Data extracted from a collection:
--------------------------------

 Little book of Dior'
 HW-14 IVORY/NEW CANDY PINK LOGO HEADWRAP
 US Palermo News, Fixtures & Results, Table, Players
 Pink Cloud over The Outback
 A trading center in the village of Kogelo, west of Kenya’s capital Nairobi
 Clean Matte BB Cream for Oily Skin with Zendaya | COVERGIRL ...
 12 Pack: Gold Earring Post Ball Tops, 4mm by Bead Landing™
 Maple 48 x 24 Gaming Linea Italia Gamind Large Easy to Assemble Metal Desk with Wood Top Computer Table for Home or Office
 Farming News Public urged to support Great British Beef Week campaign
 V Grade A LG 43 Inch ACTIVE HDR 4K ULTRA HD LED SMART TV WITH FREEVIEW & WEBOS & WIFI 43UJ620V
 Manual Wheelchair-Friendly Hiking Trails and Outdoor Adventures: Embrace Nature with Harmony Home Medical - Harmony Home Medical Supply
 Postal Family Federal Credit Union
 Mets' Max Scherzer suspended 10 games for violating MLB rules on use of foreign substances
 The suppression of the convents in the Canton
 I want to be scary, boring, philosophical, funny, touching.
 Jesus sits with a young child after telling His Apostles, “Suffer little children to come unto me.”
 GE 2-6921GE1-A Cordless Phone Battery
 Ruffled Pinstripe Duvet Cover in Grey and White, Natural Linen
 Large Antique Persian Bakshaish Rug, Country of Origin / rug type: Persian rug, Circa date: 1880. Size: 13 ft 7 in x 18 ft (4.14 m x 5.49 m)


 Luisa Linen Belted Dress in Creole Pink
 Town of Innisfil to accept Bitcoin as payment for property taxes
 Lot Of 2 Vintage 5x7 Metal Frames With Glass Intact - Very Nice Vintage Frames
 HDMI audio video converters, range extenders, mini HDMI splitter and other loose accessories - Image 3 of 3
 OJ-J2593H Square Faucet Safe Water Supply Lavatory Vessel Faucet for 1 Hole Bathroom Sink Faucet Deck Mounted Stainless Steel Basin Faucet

--------------------------------

Exercise objective: From the records above, retype only the lines starting at the line that contains "HW-14 IVORY/NEW CANDY PINK LOGO HEADWRAP" and ending at the line that contains "HDMI audio video", both included.

Response area:
 HW-14 IVORY/NEW CANDY PINK LOGO HEADWRAP
 US Palermo News, Fixtures & Results, Table, Players
 Pink Cloud over The Outback
 A trading center in the village of Kogelo, west of Kenya’s capital Nairobi
 Clean Matte BB Cream for Oily Skin with Zendaya | COVERGIRL ...
 12 Pack: Gold Earring Post Ball Tops, 4mm by Bead Landing™
 Maple 48 x 24 Gaming Linea Italia Gamind Large Easy to Assemble Metal Desk with Wood Top Computer Table for Home or Office
 Farming News Public urged to support Great British Beef Week campaign
 V Grade A LG 43 Inch ACTIVE HDR 4K ULTRA HD LED SMART TV WITH FREEVIEW & WEBOS & WIFI 43UJ620V
 Manual Wheelchair-Friendly Hiking Trails and Outdoor Adventures: Embrace Nature with Harmony Home Medical - Harmony Home Medical Supply
 Postal Family Federal Credit Union
 Mets' Max Scherzer suspended 10 games for violating MLB rules on use of foreign substances
 The suppression of the convents in the Canton
 I want to be scary, boring, philosophical, funny, touching.
 Jesus sits with a young child after telling His Apostles, “Suffer little children to come unto me.”
 GE 2-6921GE1-A Cordless Phone Battery
 Ruffled Pinstripe Duvet Cover in Grey and White, Natural Linen
 Large Antique Persian Bakshaish Rug, Country of Origin / rug type: Persian rug, Circa date: 1880. Size: 13 ft 7 in x 18 ft (4.14 m x 5.49 m)


 Luisa Linen Belted Dress in Creole Pink
 Town of Innisfil to accept Bitcoin as payment for property taxes
 Lot Of 2 Vintage 5x7 Metal Frames With Glass Intact - Very Nice Vintage Frames
 HDMI audio video converters, range extenders, mini HDMI splitter and other loose accessories - Image 3 of 3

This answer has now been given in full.